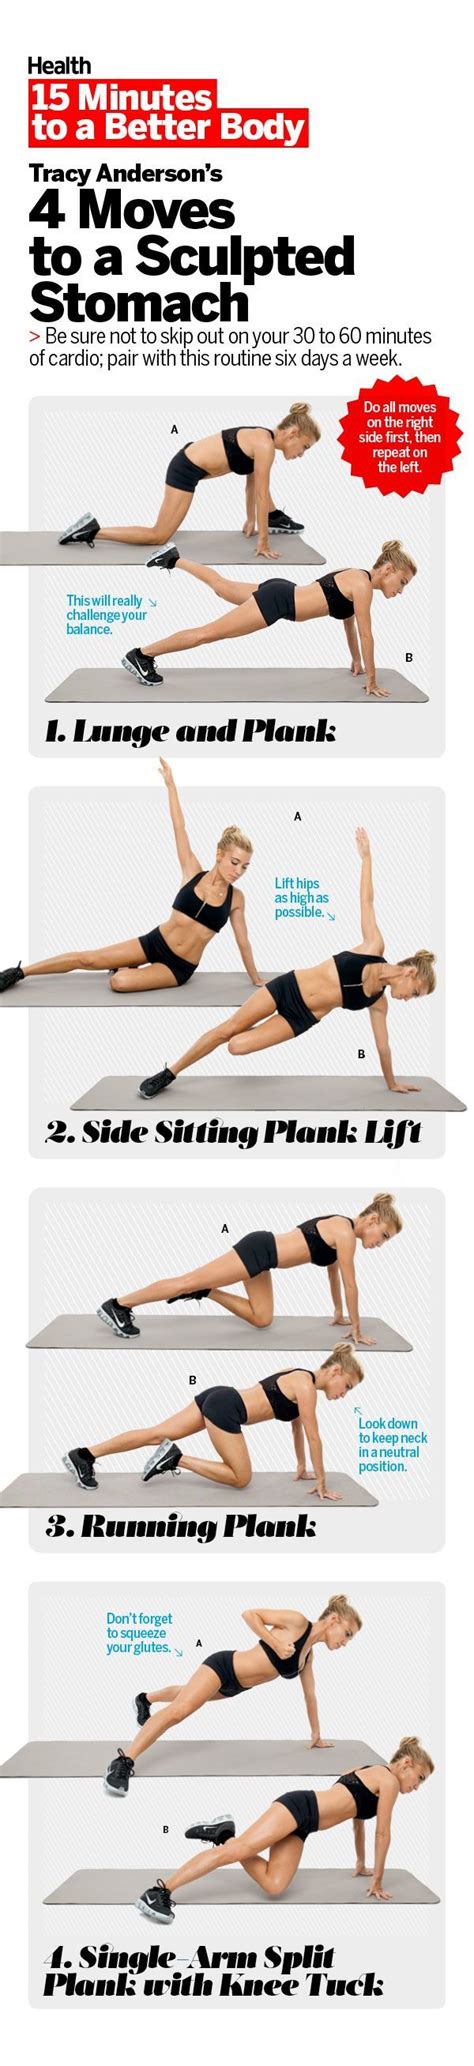 4 ab sculpting plank variations my blog tracy anderson workout exercise tracy anderson
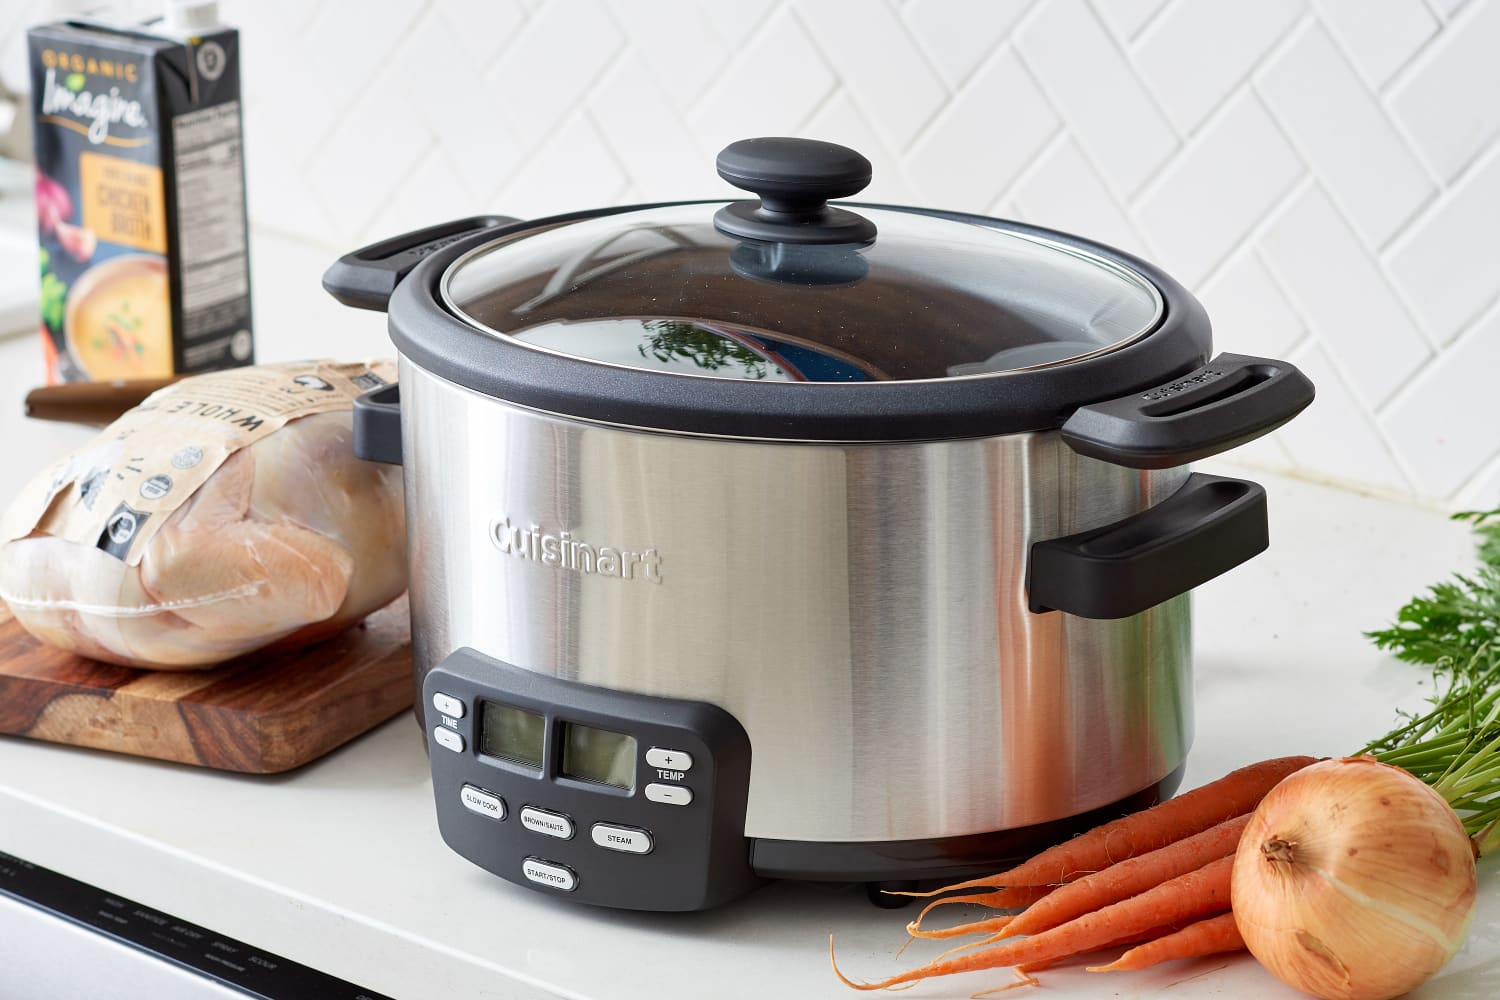 The Reynolds Slow Cooker Liners Make Cleanup a Breeze
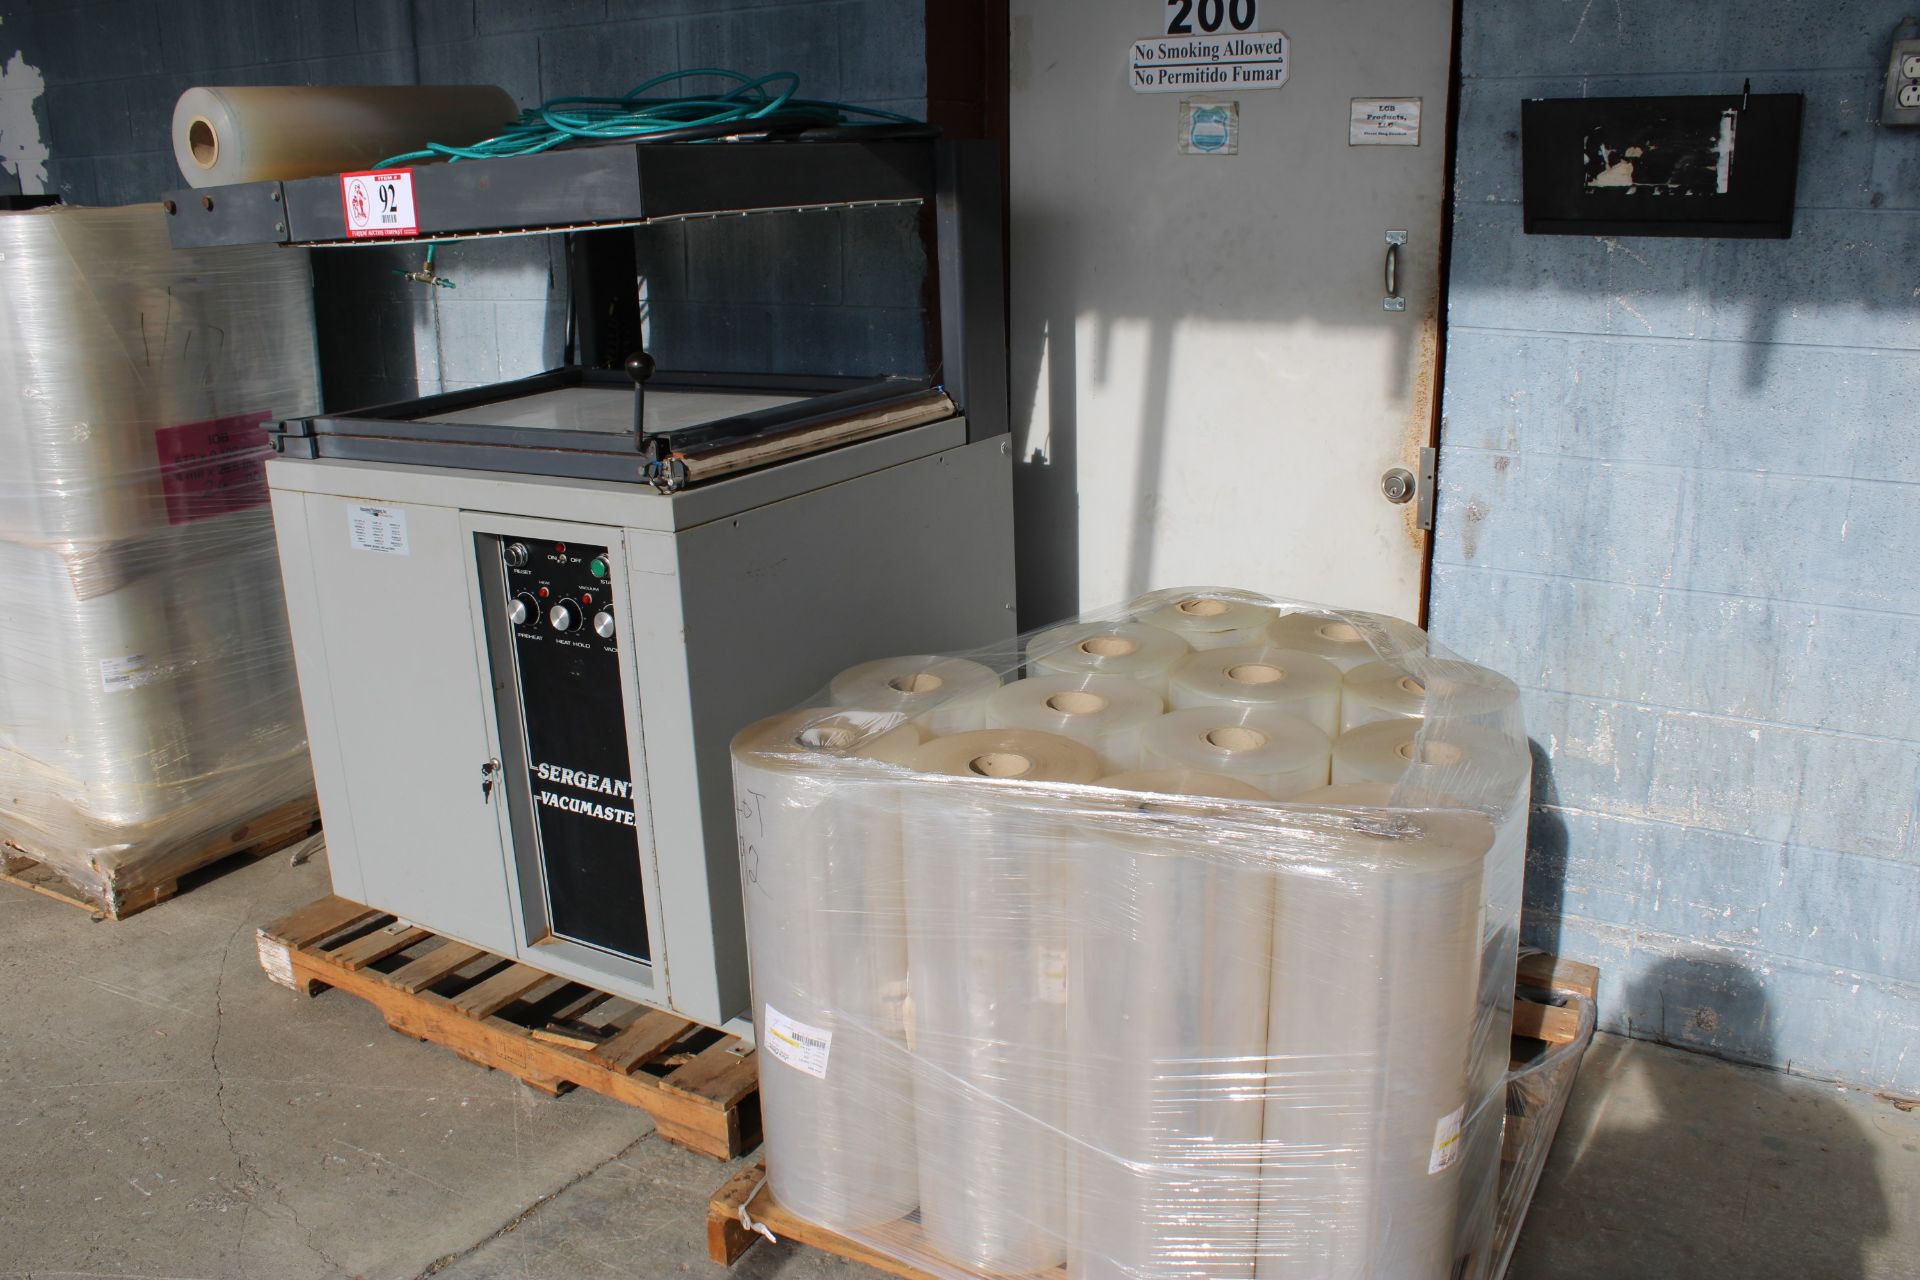 Eaton Sergeant Vacumaster w/ 14 Shrink Wrap Rolls, 24" x 30" bed that is perfect for parts - Image 2 of 2

■ Exercise objective
Output the material above exactly as written and drop any images it holds.

■ Answer area
 4 ab sculpting plank variations my blog tracy anderson workout exercise tracy anderson
 The Reynolds Slow Cooker Liners Make Cleanup a Breeze
 Eaton Sergeant Vacumaster w/ 14 Shrink Wrap Rolls, 24" x 30" bed that is perfect for parts - Image 2 of 2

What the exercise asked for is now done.